Tax Advantages of the Estate Step-Up in Basis for Commercial Multifamily Investors
Key Takeaways
- Step-Up in Basis Removes Hidden Tax Burden: When a property owner passes away, IRS Code §1014 allows the property’s tax basis to reset to its current market value. This means that any growth in the property’s value during the owner’s lifetime, as well as accumulated depreciation, is effectively erased for tax purposes. Heirs inherit the property without being responsible for those past capital gains or depreciation recapture taxes [1][2].
- Complete Relief from Depreciation Recapture Taxes: Normally, when you sell a property, you may owe taxes on previous depreciation deductions—25% for standard depreciation (Section 1250) and up to 37% for personal property depreciation (Section 1245). With a step-up in basis, these taxes are eliminated entirely upon inheritance, providing a significant tax advantage [3].

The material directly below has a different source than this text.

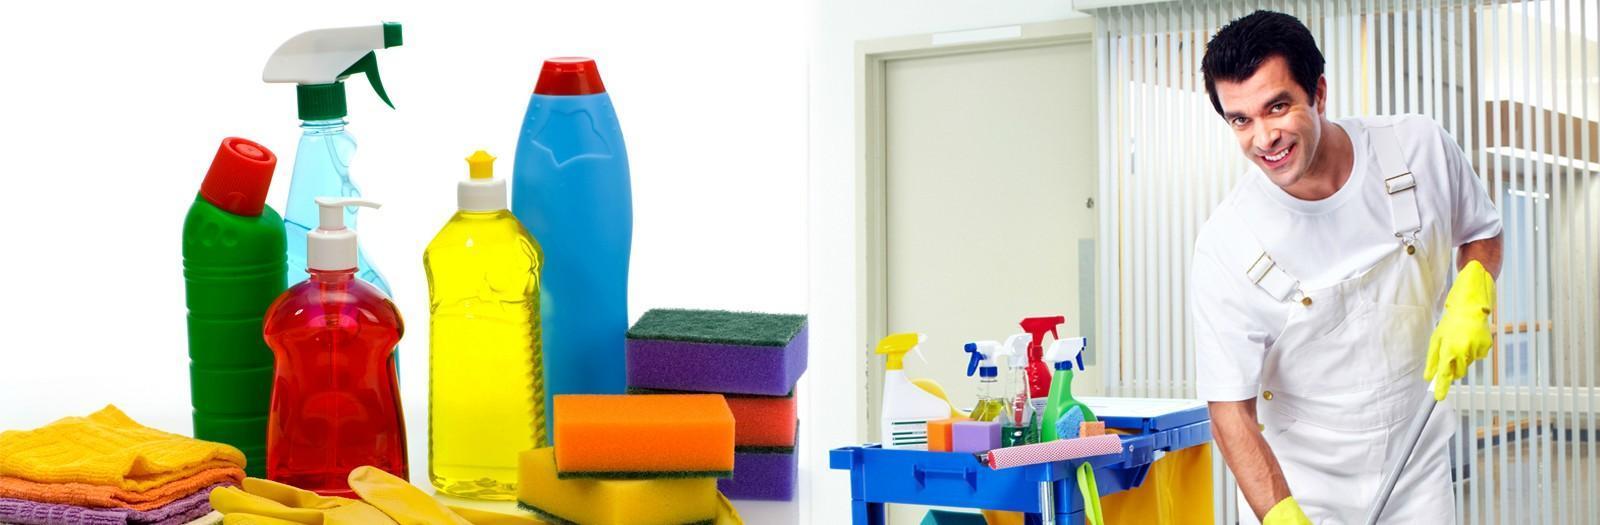 بالصور شركة تنظيف بالطائف , اهم شركات تنظيف المنازل بالطائف 502

- The “Swap ‘Til You Drop” Strategy: Many investors repeatedly use 1031 exchanges to defer capital gains taxes when selling one property and buying another. If they hold onto the final property until death, the step-up in basis permanently wipes away all those deferred taxes, allowing heirs to receive the property free of those liabilities. The capital gain calculation for heirs is based on the new basis established at the decedent’s death [3].
- Extra Benefit for Married Couples in Community Property States: Couples in states that recognize community property (or those who create a community property trust) get a unique advantage. When one spouse passes away, both halves of the property’s value receive a step-up in basis (100%), unlike in common-law states, where only 50% of the property gets this benefit [4][7].
- Impact of the 2025 One Big Beautiful Bill Act (OBBBA): Effective for estates of decedents dying and gifts made after December 31, 2025, this legislation raises the federal estate-tax exemption to $15 million per person ($30 million for a married couple) and preserves the step-up in basis rule. This makes estate planning even more favorable for high-net-worth investors, as fewer estates will be subject to federal estate taxes [5][6].
- Cost Segregation Strategy in the Final Year: After a property owner’s passing but before filing taxes, conducting a cost segregation study can generate large depreciation deductions on their final tax return. Because the property’s basis resets at death, heirs don’t face future tax recapture on these deductions [8].
- New Depreciation Opportunities for Heirs: After inheriting a property, heirs can start a fresh 27.5-year depreciation schedule based on the new, higher stepped-up basis. They can also conduct a new cost segregation study to maximize depreciation deductions and improve cash flow [9].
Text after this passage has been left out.